Ashwagandha (Withania somnifera) is a replenishing and calming adaptogen that helps us deal with long-term stress and exhaustion. Sounds like the perfect herb for this year, right? Additionally, many (including myself) find this herb to help with insomnia and restlessness. When you’re finding it hard to relax and are feeling on edge, a decoction or tincture of ashwagandha could support a restful nights’ sleep, help calm an agitated mind so you can be less emotionally reactive, and also increase your ability to concentrate. For these reasons, ashwagandha has been an indispensable herb for the year.

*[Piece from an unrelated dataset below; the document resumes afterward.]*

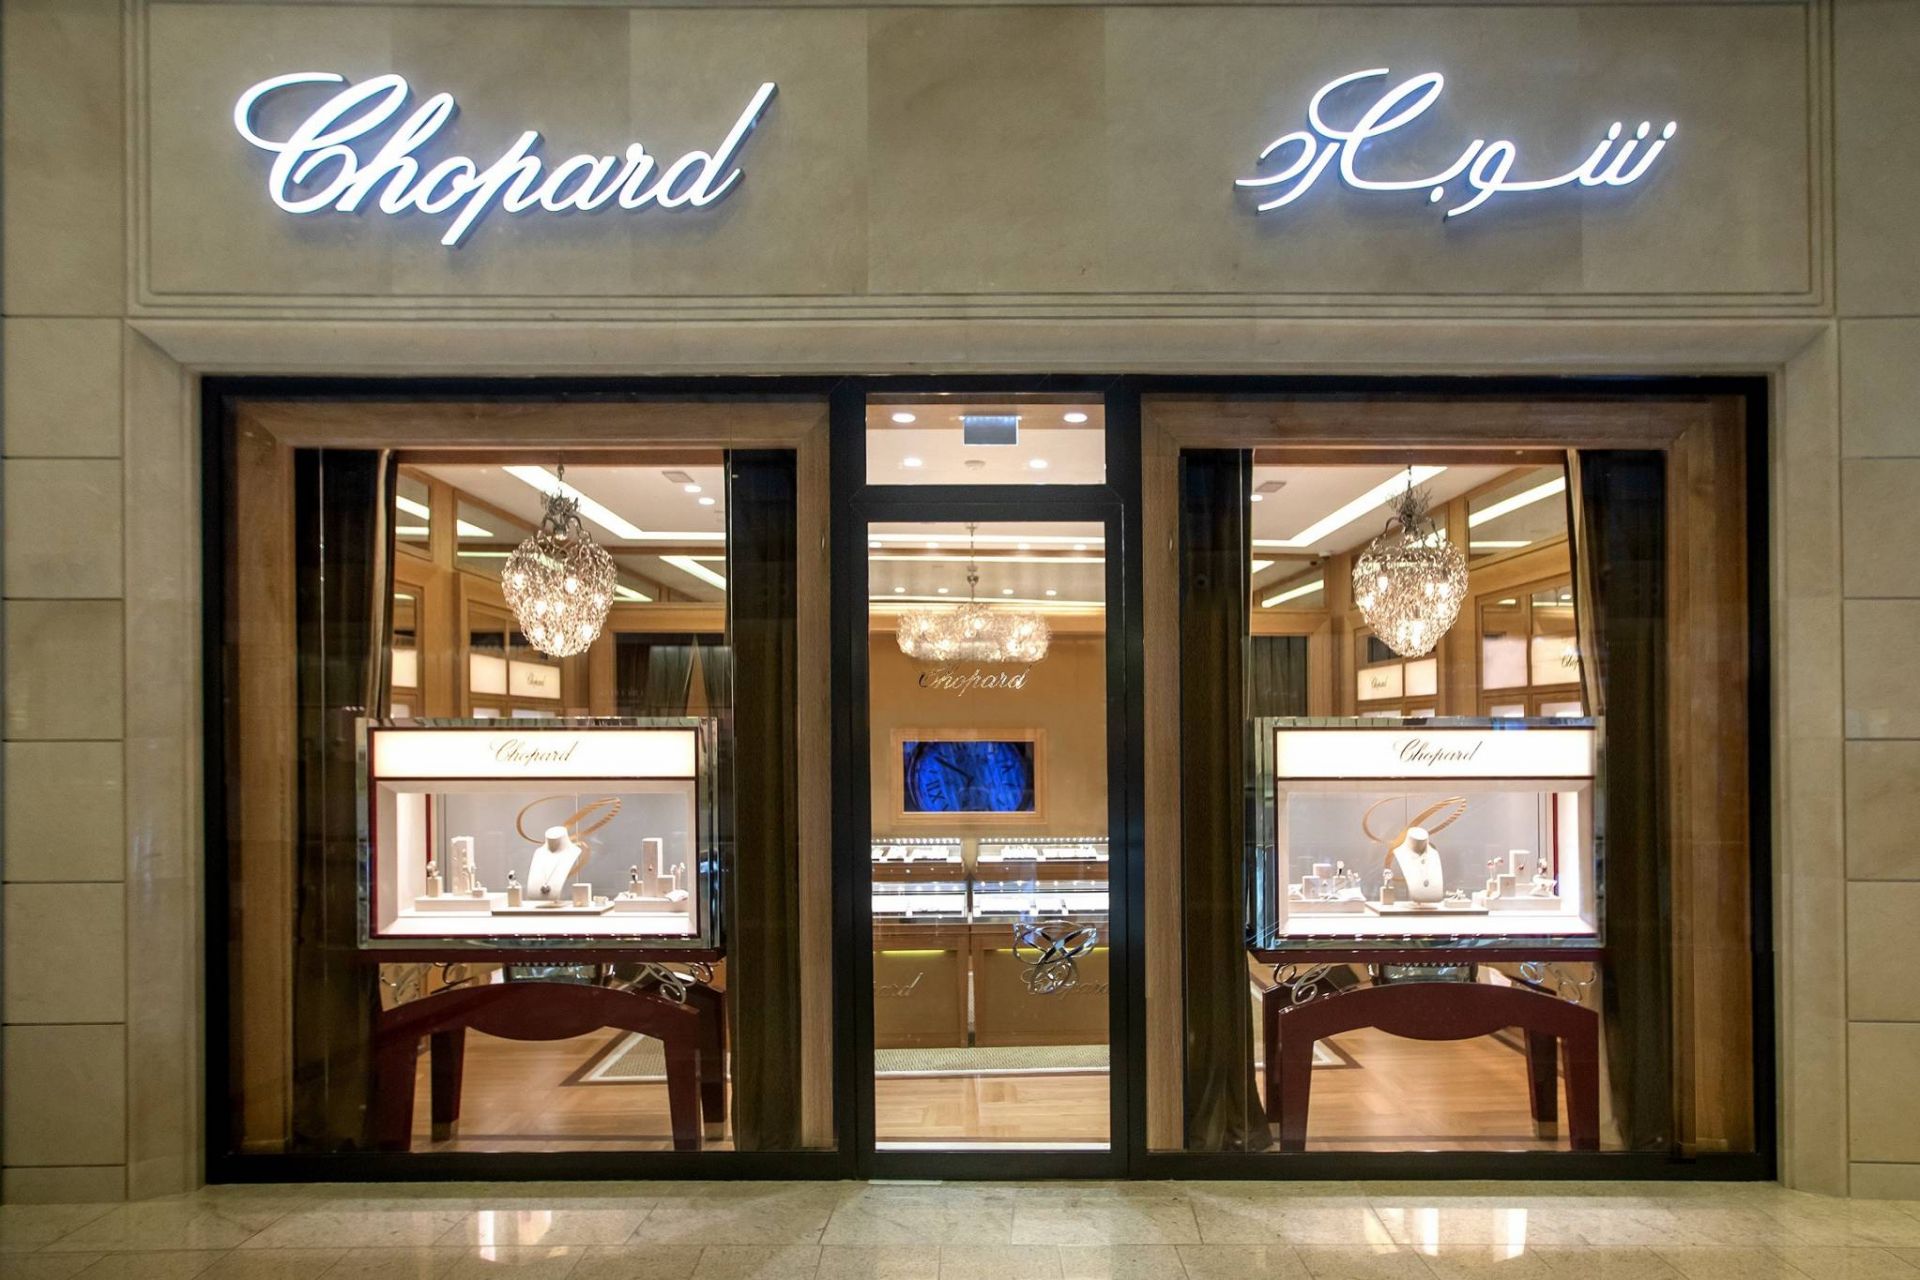 New Chopard boutique at DFC Qatar
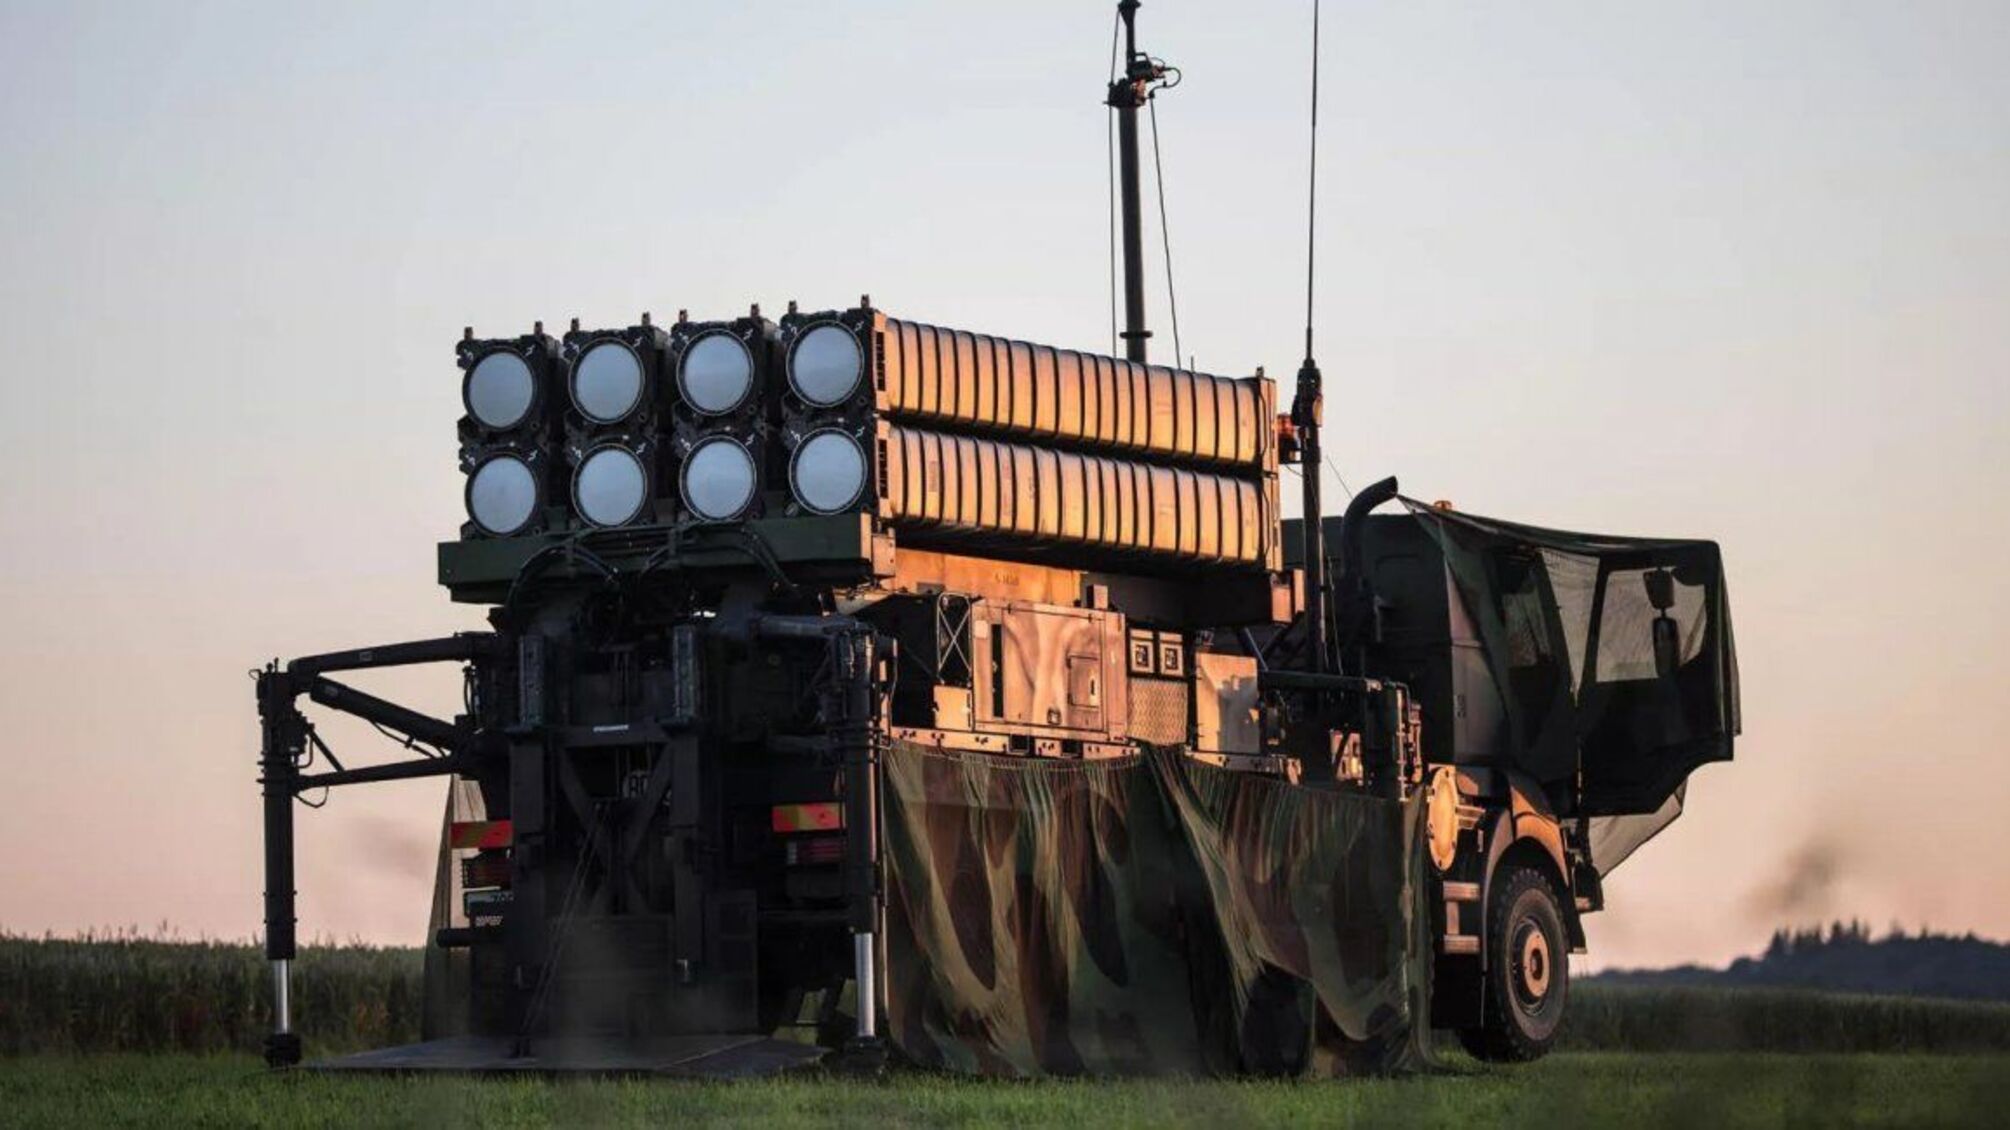 Перший SAMP-T прибув до України: що це за протиракетна система і яке її призначення на полі бою, – ЗМІ

Damiana (Turnera diffusa) enhances mood and sensation. Many use this herb as an aphrodisiac (learn more about herbal aphrodisiacs here), which I’d most certainly say that it is! But more than an aphrodisiac, damiana can pull us out of depression. Damiana helps us tune into our body, improving circulation, and our ability to sense the world around us. While it can help boost libido, I think it also helps us to remember what it’s like to find joy in simple sensations like the wind caressing our face, the textures of plants, the taste of a delicious drink, and maybe that touch we’ve been longing for in Covid-19 times. I tend to be in my head and thoughts a lot which can bring me anxiety in social situations and damiana in my experience really helps to ground us and bring us back into our body which in turn can improve our sociability.